Thanks for the feeback. I was hoping that the other words on the slide (LACP and bonding) would give enough context.
I'm afraid that my presentation didn't really have room to dive much into LACP. I briefly said something like the following when giving that slide:
Basically, the LACP link partner (router) hashes traffic consistently across the multiple links in the LACP bundle, using a hash of its choosing (typically an N-tuple, involving IP address and TCP port). Once it has selected a link for that connection, that connection will always land on that link on ingress (unless the LACP bundle changes in terms of links coming and going). We're free to choose whatever egress NIC we want (it does not need to be the same NIC the connection entered on). The issue is that there is no way for us to tell the router to move the TCP connection from one NIC to another (well, there is in theory, but our routers can't do it)
> We're free to choose whatever egress NIC we want
Wait, I got lost again... You say you can "output on any egress NIC". So all four egress NICs have access to the TLS encryption keys and are cooperating through the FreeBSD kernel to get this information?
Is there some kind of load-balancing you're doing on the machine? Trying to see which NIC has the least amount of traffic and routing to the least utilized NIC?

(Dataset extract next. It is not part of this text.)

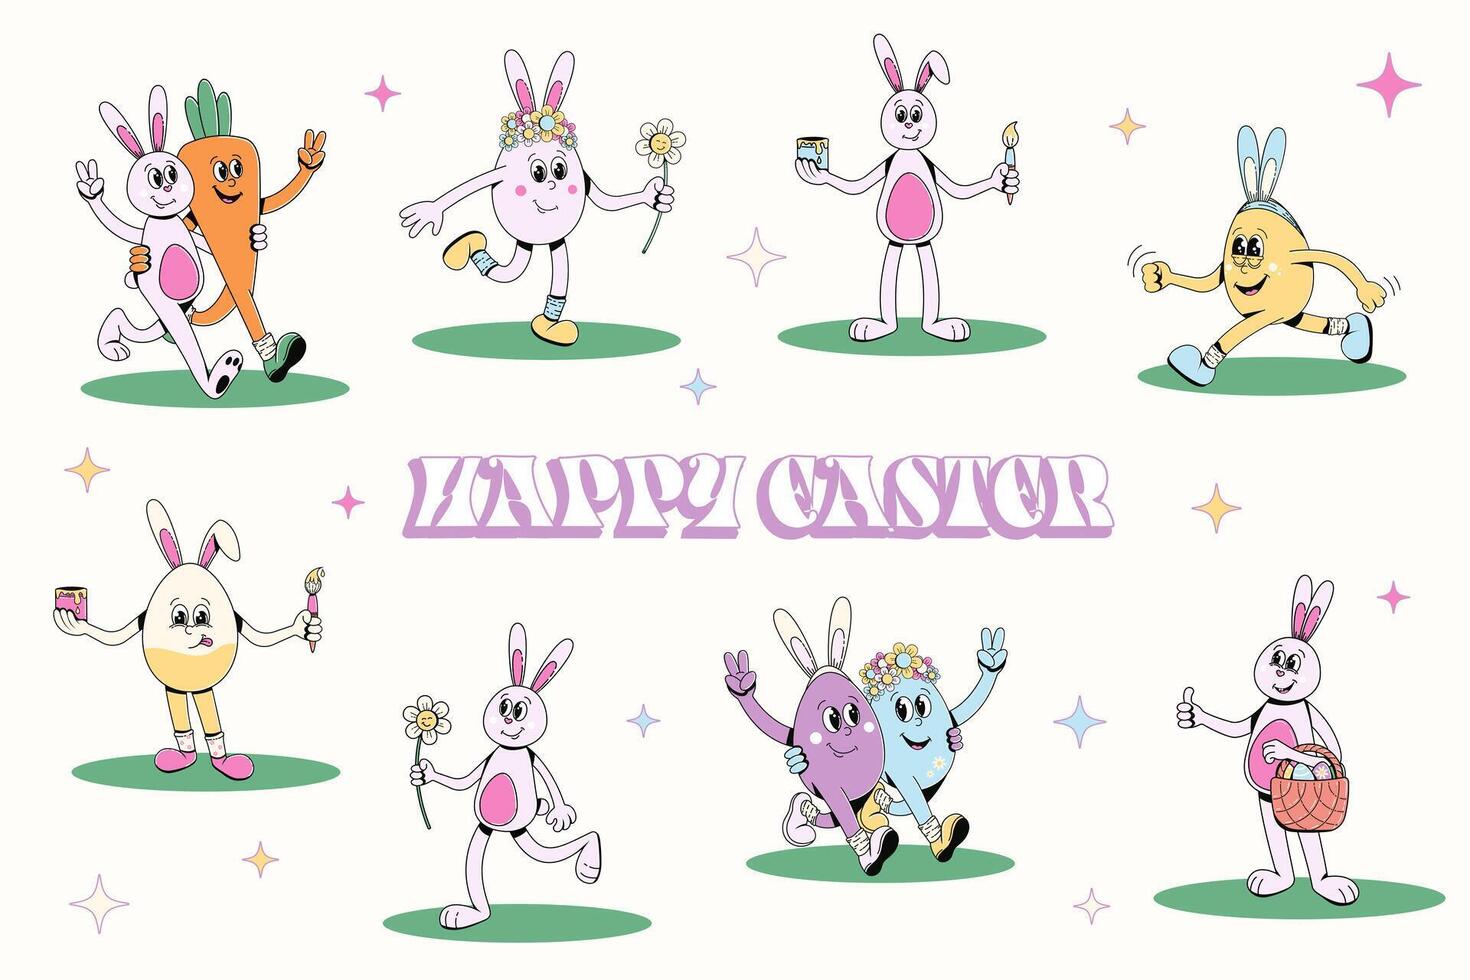 Retro groovy Easter set. Easter bunny and Easter egg characters in trendy hippie cartoon 60s 70s style. Flat vector hand drawn illustration set.

LACP (which is a control protocol) is a standard feature supported forever on switches. To put it simply both the server and switch see a single port (fake) that has physical ethernet members and a hashing algorithm puts the traffic on that physical ethernet link based on the selected hash. The underlying sw/hw picks which physical link to put the packet on. The input to the hash in picking the link can be src/dst (for all items listed here) MAC, port, IP addr. LACP handles the negotiation of what that hash is between the ends and also hands a link failure "hey man, something broke, we have one less link now). For any given single flow it will hash to the same link. So a for example in a 4x10G lag (also called a port-channel in networking speak) max bandwidth for a single flow would be 10g the max of a single member. In an ideal world the hashing would be perfectly balanced however it is possible to have a set of flows all hash to the same link. Hope that helps.
That's an excellent overview. I think I got the gist now.
There's all sorts of subtle details though that's probably just "implementation details" of this system. How and where do worker threads spawn up? Clearly sendfile / kTLS have great synergies, etc. etc.
Its a lot of detail, and an impressive result for sure. I probably don't have the time to study this on my own so of course, I've got lots and lots of questions. This discussion has been very helpful.
Adding the NUMA things "on top" of sendfile/kTLS is clearly another issue. The hashing of TCP/Port information into particular links is absolutely important, because of the "Physical location" of the ports matter.
I think I have the gist at this point. But that's a lot of moving parts here. And the whole NUMA-fabric being the bottleneck just ups the complexity of this "simple" TLS stream going on...
EDIT: I guess some other bottleneck exists for Intel/Ampere's chips? There's no NUMA in those. Very curious.
----
Rereading "Disk centric siloing" slides later on actually answer a lot of my questions. I think my mental model was disk-centric siloing and I just didn't realize it. Those slides work exactly how I think this "should" have worked, but it seems like that strategy was shown to be inferior to the strategy talked about in the bulk of this presentation.
Hmmm, so my last "criticism" to this excellent presentation. Maybe an early slide that lays out the strategies you tried? (Disk Siloing. Network-siloing. Software kTLS, and Hardware kTLS offload)?
Just one slide at the beginning saying "I tried many architectures" would remind the audience that many seemingly good solutions exist. Something I personally forgot in this discussion thread.
The whole paper is discussing bottlenecks, path optimisation between resources, and impacts of those on overall throughout. It's not a simple loadbalancing question being answered
If we are using LACP between router and server, it means we create single logical link between them. We can use as many as physical link supported by both server and router.
The server and router will treat them as a single link. Thus the ingress and egress of the packet doesn’t really matter.
although we’re free to choose egress port in LACP it’s still wise to maintain some kind of client or flow affinity, to avoid inadvertent packet reordering.
I'm afraid that my presentation didn't really have room to dive much into LACP. I briefly said something like the following when giving that slide:
Basically, the LACP link partner (router) hashes traffic consistently across the multiple links in the LACP bundle, using a hash of its choosing (typically an N-tuple, involving IP address and TCP port). Once it has selected a link for that connection, that connection will always land on that link on ingress (unless the LACP bundle changes in terms of links coming and going). We're free to choose whatever egress NIC we want (it does not need to be the same NIC the connection entered on). The issue is that there is no way for us to tell the router to move the TCP connection from one NIC to another (well, there is in theory, but our routers can't do it)
I hope that helps